Одиночества русского звуки

11 февраля 2017, 12:45
Продолжаем нашу новую субботнюю рубрику - "Поэт о поэтах". Сегодня Сергей Алиханов представляет Илью Фаликова и Марину Кудимову, которые, как настоящие стихо-Творцы имеют полное право "вершить судьбу языка".

Илья Фаликов

В 80-е годы в ЦДЛе дым стоял коромыслом. - Шавкута пробил губу Шкляревскому! - Как пробил?! - Ответкой. - А зубы? - Зубы целы, но верхняя губа - насквозь (шрам остался). - А ты почему не остановил его? Ты же там рядом проходил. - Я не видел. На Секретариате решили одного поэта не пускать в Верхний буфет, другого - в Нижний…

А Илья Фаликов все эти десятилетия, молча, проходил мимо ЦДЛовской баталии-делёжки.

Глаза смотрят в пол, длинные черные волосы с ранней проседью, худой, незаметный.

За тридцать лет хождения мы друг другу двух слов не сказали.

А сейчас вдруг всплыли в памяти стихи, и я всё пытался вспомнить, а кто же написал-то “Музыку ребер”?

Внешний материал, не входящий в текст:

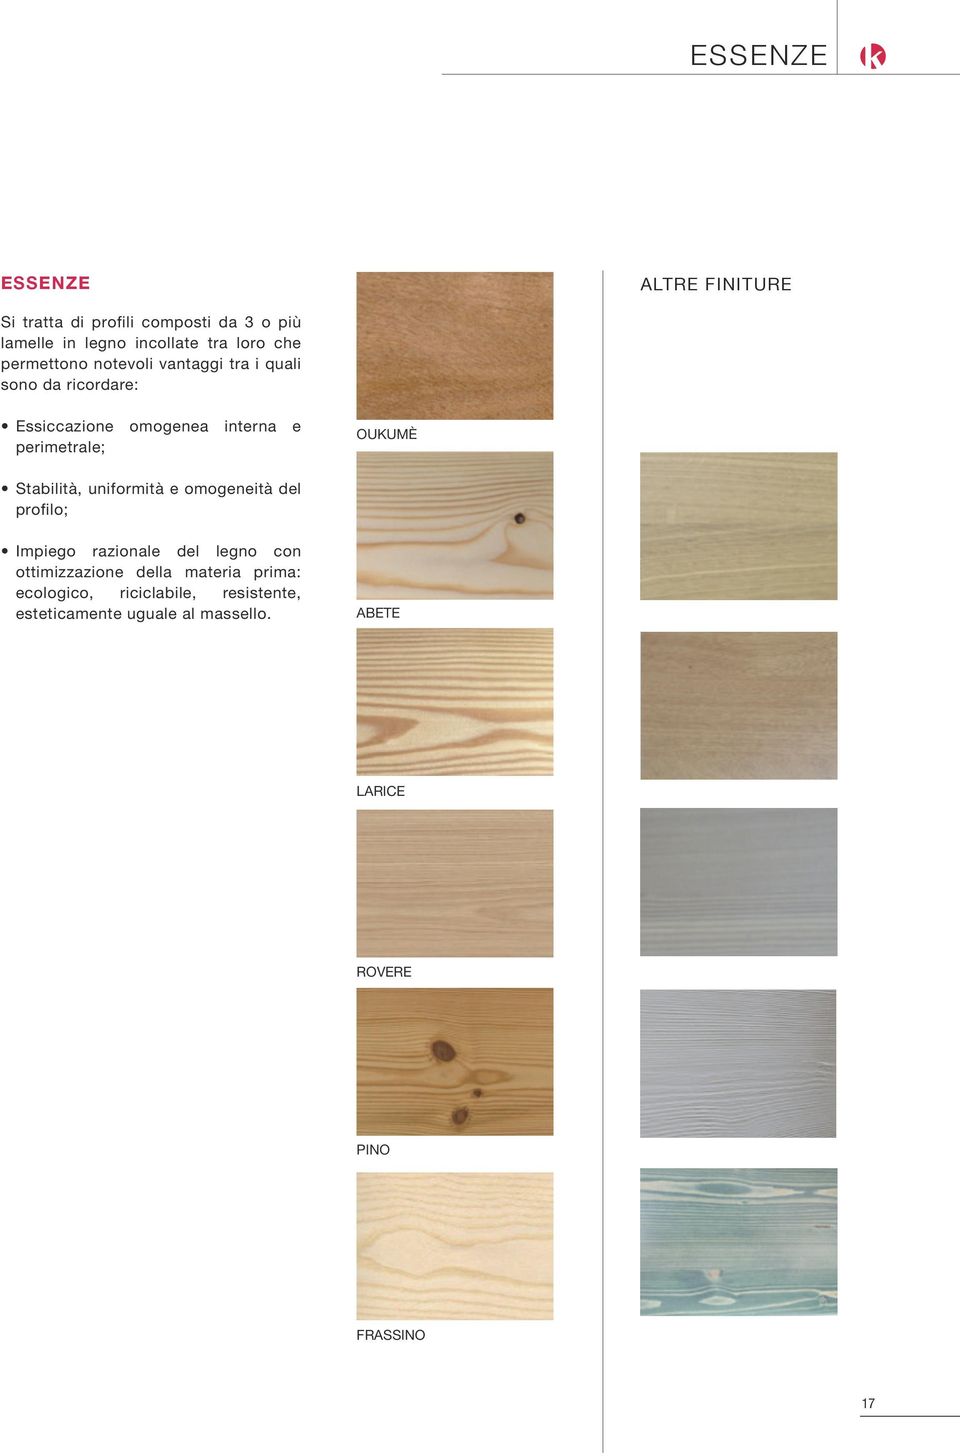 Stabilità, uniformità e omogeneità del profilo; Impiego razionale del legno con ottimizzazione della materia

Слава Богу, в поисковике по строчке тут же автор определился - да Илья Фаликов - вот кто! Это его стихи!

Может, так и должно быть по-настоящему: стихи помнишь, а поэта, автора - вспоминаешь.

А не наоборот.

МУЗЫКА РЕБЕР

Что ни ровесник - черты подворотни, детдома, гладких немного, а сытых по пальцам сочтешь.

На карфагенских камнях отпылала Дидона, пламя ее подпалило астральный чертеж.

Все мои близкие после ухода воскресли, с ними общаюсь, когда отключается бра.

Музыка ребер, набитая легкими Пресли, женщину мне принесла из чьего-то ребра.

Так получилось, и очень давно, и не стоит что-то подверстывать к жизни, устроенной так, что непонятно, зачем это воет и стонет ветер ночной, с домовым поделивший чердак.

Их завывания после известного бала свистом шпицрутенов, кажется, заменены.

В окна Генштаба с Арбата слоны Ганнибала смотрят, руины топча, боевые слоны.

Не протрубят - не умеют хрипеть по-сиротски. Ветром пустыни Бульварное дышит кольцо.

Если хотите, лицо поколенья - Высоцкий. Голос - не знаю. Вокзальное это лицо.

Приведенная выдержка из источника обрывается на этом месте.